The larger cluster at the end of your piece, the group of poets who provide "satisfaction," who presumably speak with more individuality, is instructive. I can't claim to have read them all¨I am a visual artist and neither poet nor critic¨but I have read enough of them to applaud your judgements.
It occurs to me, however, that there are some omissions from this latter list. Most particularly I wonder why Daryl Hine isn't there. Surely his "poetical voice" is one of the most distinctive in Canadian letters. No one sounds like him; no one has his particular skills. He has been widely published, not only in Canada but in the UK and the US. He is a translator of great ability, especially from Classical languages, Latin and Greek, but also from French.
And where is he? Does it matter? Should it? He is a Canadian, born here and educated here, and still carries a Canadian passport. he doesn't frequent Can Lit conferences, nor does he teach in Canadian schools. he has lived in many places in Europe and North America and he doesn't spend much time in Canada. When he does return, it is to visit friends or family. He isn't on any circuit but his own. But he is a poet and a very effective poet at that.
And of course he is a man of a certain age. However that may be, he still writes, and still writes with the voice of a true poet.
As a Guernica Writers Series editor, I was delighted with the attention paid by BiC reviewer Robert Moore to a number of recent titles in the series. I would like, however, to bring a few points of clarification to criticisms Moore levels against several volumes in the series, in particular the collection of essays on Aritha van Herk edited by Christl Verduyn. Moore questions Verduyn's choice of original essays over the many possibilities of previously published essays presented by "thirteen pages of secondary sources" (Verduyn's bibliography is indeed impressively thorough). He is especially unhappy with essays by Robert Budde and Robert Kroetsch, whose value as academic criticism he queries.

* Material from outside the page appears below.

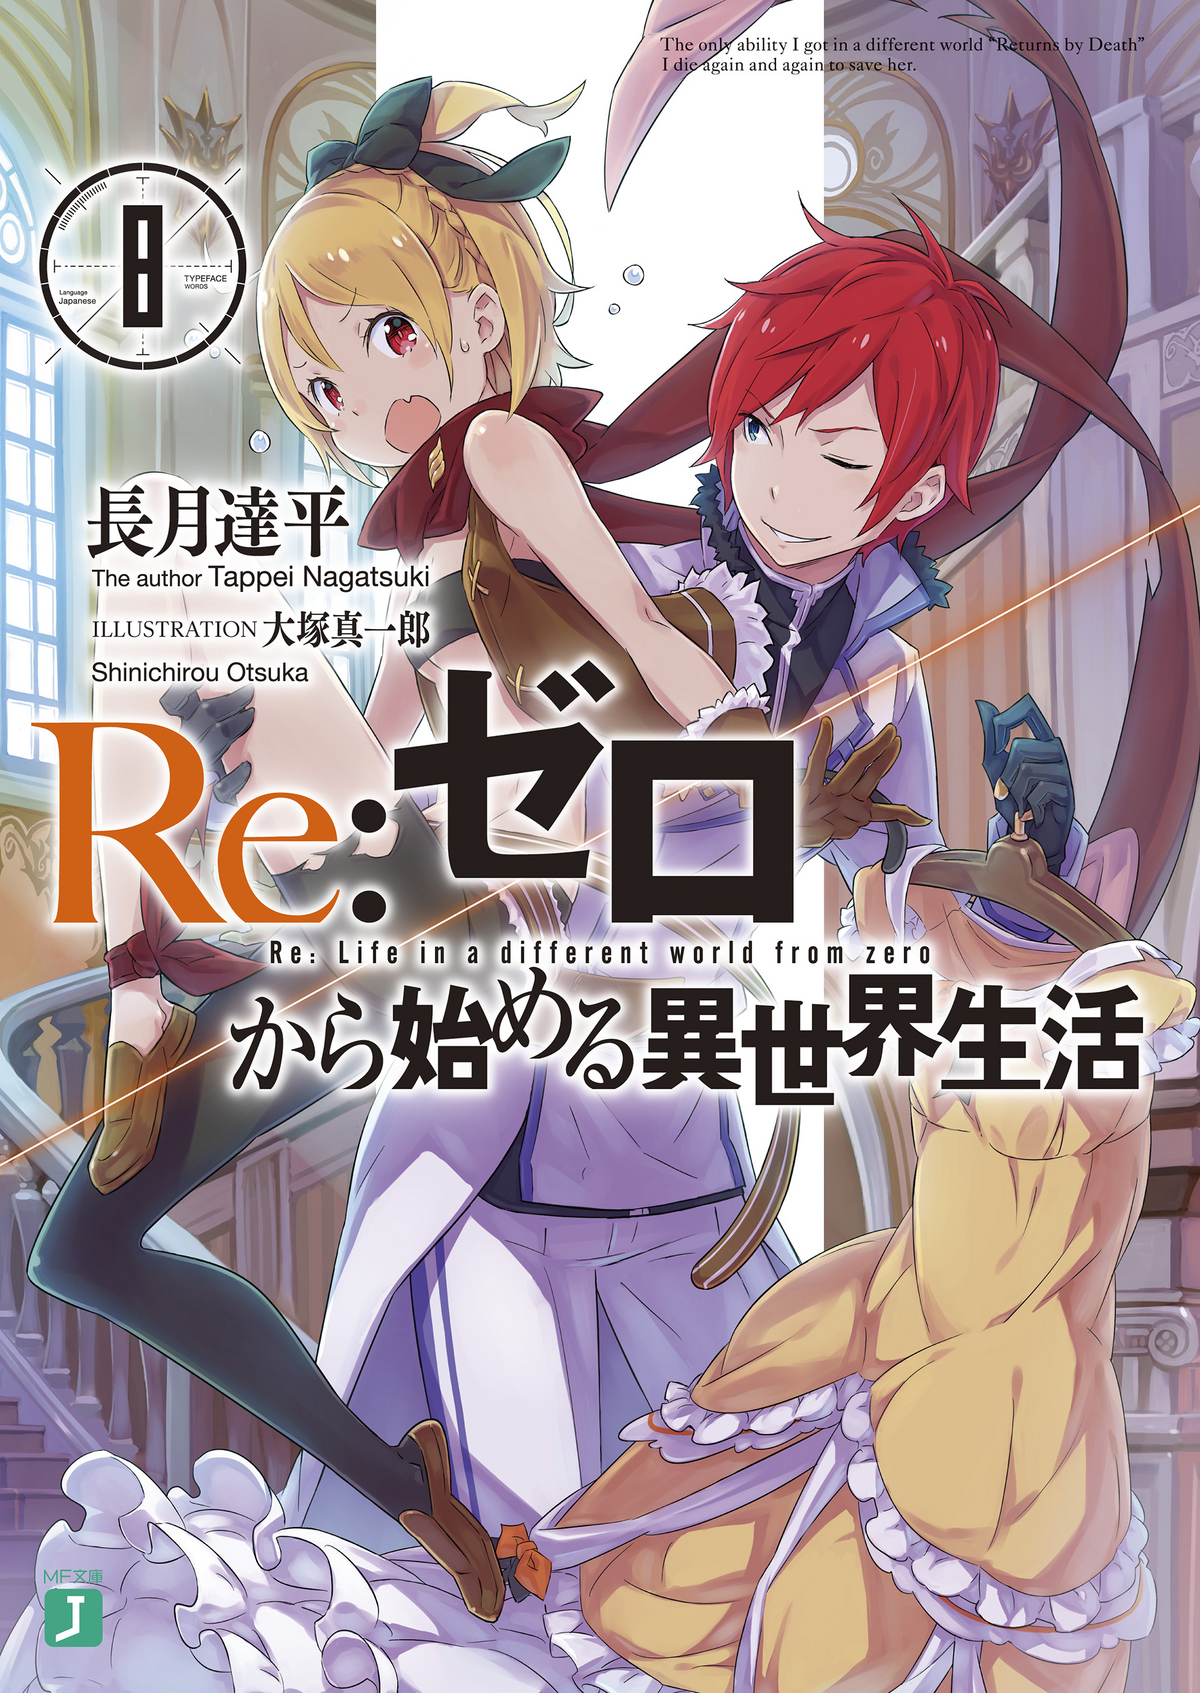 Re:Zero Light Novel Volume 24, Re:Zero Wiki

Guernica invited guest editors to collect new or already published work, suggesting five to seven essays to meet the original series limit of 120 pages. As Moore notes, series volumes present considerable variety within this common format. Guernica was very pleased with Verduyn's decision to produce original essays by established and new critics alike, representing gender balance as well as national and international perspectives. These and other elements of Verduyn's book, including her own contributions to it (critical essay, introduction, and author interview) place it firmly among the very successful volumes of Guernica's Writers Series.

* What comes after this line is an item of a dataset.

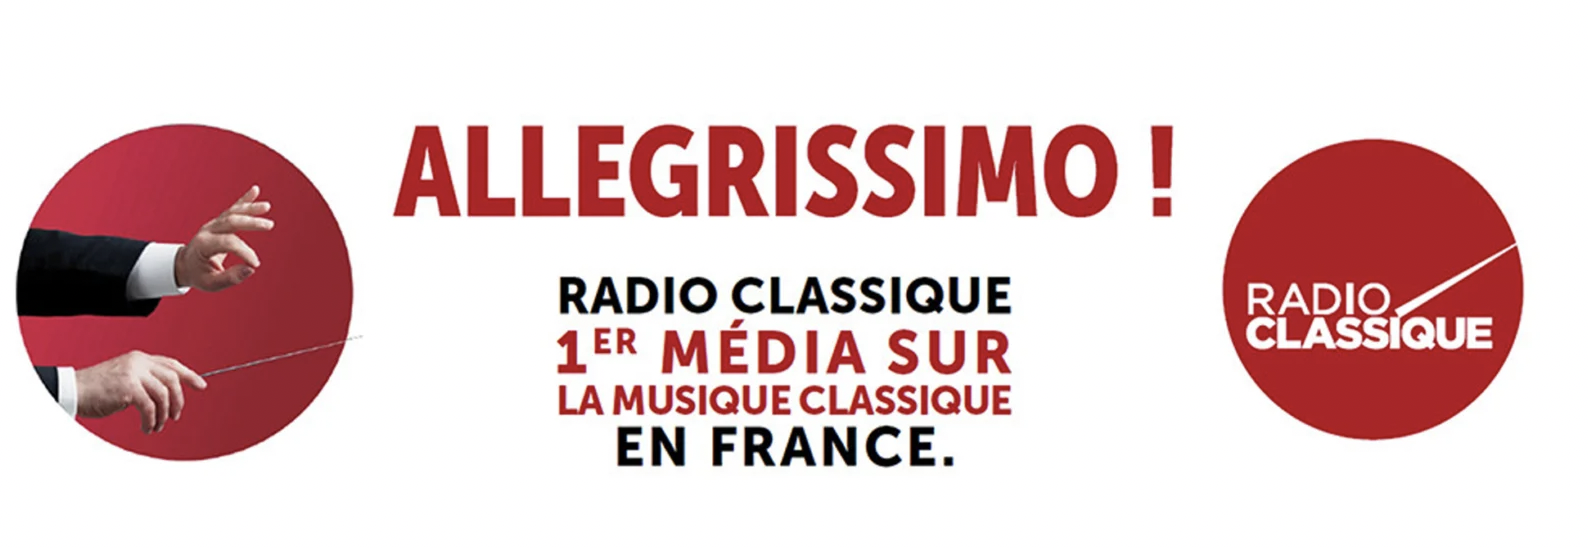 Radio Classique : "1er média sur la musique classique"

The editor of each volume is free to select the essays, and often in consultation with the author who is the subject of the volume. Thus the late Louis Dudek was able to participate in his volume. One of our aims was to make each volume interesting to read, and not just an academic tool. Each volume reflects the particular relationships of the editor and contributors to their author. The volumes of adele Wiseman, Alistair MacLeod, and Sharon Pollock illustrate these special relationships.